Saudi Arabia, also has a number of players who have been involved in WiMAX deployment. From Mobily to Go, these operators have broadened that country's WiMAX footprint significantly over the last decade. Riyadh, in Saudi Arabia, now has full WiMAX coverage thanks to Mobily.
Abdul Aziz Al-Tammami, Chief Operations Officer of Mobily, says, "More than 16 major cities [in Saudi Arabia] are covered with Mobily's WiMAX network , and we are looking to more than 20 to be covered in the near future. We are working at a rapid pace to put the company well on its way to getting the entire kingdom covered soon, while boosting bandwidth in districts already covered".
LTE and WiMAX: Can they coexist?
Long Term Evolution (LTE) is a new radio standard being defined in 3GPP that is based upon the same technology as WiMAX. LTE networks will require new client devices and service providers will need to purchase new radio access network (RAN) equipment in addition to upgrading their backhaul capacity and core networks to handle additional IP-based traffic.
Where the current generation of mobile telecommunication networks are collectively known as 3G, LTE is 4G. It is already supported by a number of mobile operators, a few of which have secured spectrum for the earliest commerical deployments in 2010. Most operators will deploy in the 2012 or beyond timeframe.
Most major mobile carriers in the United States and several worldwide carriers announced plans to convert their networks to LTE beginning in 2009. The world's first publicly available LTE-service was opened by TeliaSonera in the two Scandinavian capitals Stockholm and Oslo on the 14th of December 2009. Seen as a replacement to WiMAX, LTE still hasn't arrived on the scene for most of the globe at the time of writing.
Many vendors have started to abandon WiMAX for the inevitable arrival of LTE, most notably the likes of Ericsson, Cisco and Alcatel-Lucent. Motorola therefore appears to be the last major vendor left when it comes to developing WiMAX infrastructure, but the company seems to be standing firm on its commitment to WiMAX.
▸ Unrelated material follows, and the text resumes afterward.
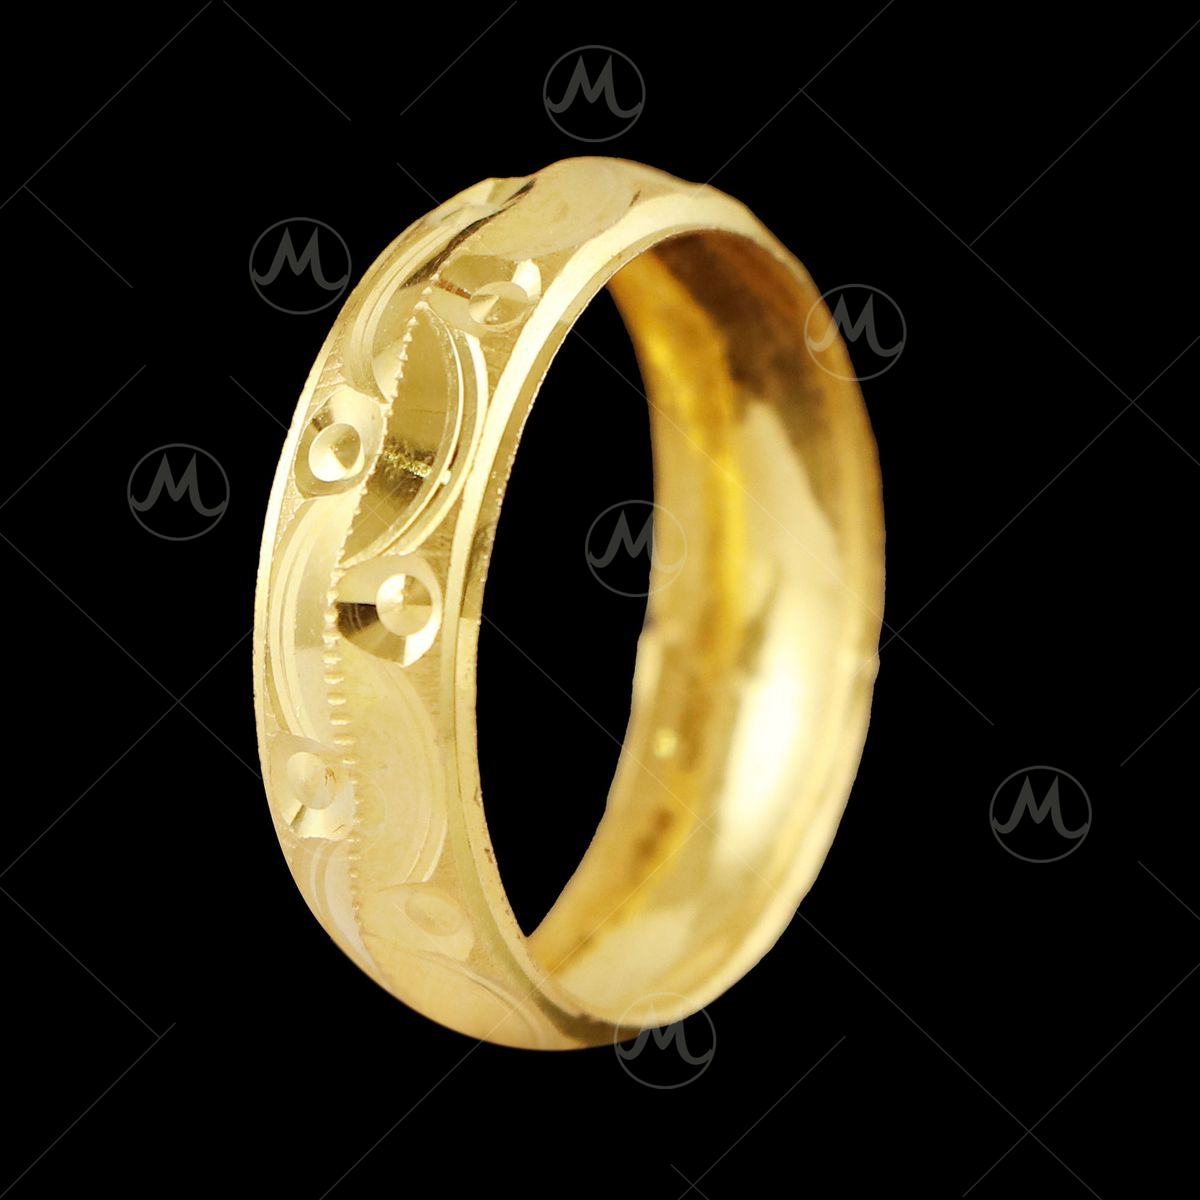 An Inner Artisan Men's Gold Band Ring

Bruce Brda, senior vice president and general manager for Wireless Networks, Motorola Home & Networks Mobility, says, "WiMAX is a robust solution for providing broadband today in emerging markets as well as in more competitive developed markets. For example, WiMAX has the ability as a platform to meet the unique needs of operators like Clearwire in the United States and Imagine in Ireland".
Motorola's lead in WiMAX deployment has been outlined by the fact that it has contracts with more than 35 operators in more than 20 countries. But even Motorola is focusing on playing its part in LTE development.
Taking Motorola's dual-focus into consideration, there could be a case for both technologies in future. On the one hand WiMAX infrastructure, in its current phase of development, can be deployed anywhere in the world relatively cheaply and relatively quickly, and it's ideal for rural areas. On the other hand, with many mobile operators and vendors abandoning WiMAX projects and focusing on LTE instead, LTE might gauge much more traction.
Either way, with greater mobile internet adoption, it's looking likely that the scenario of somebody sitting in the Arabian Desert, pulling out their laptop and accessing the internet thanks to WiMAX or LTE will become a more pervasive reality in this region.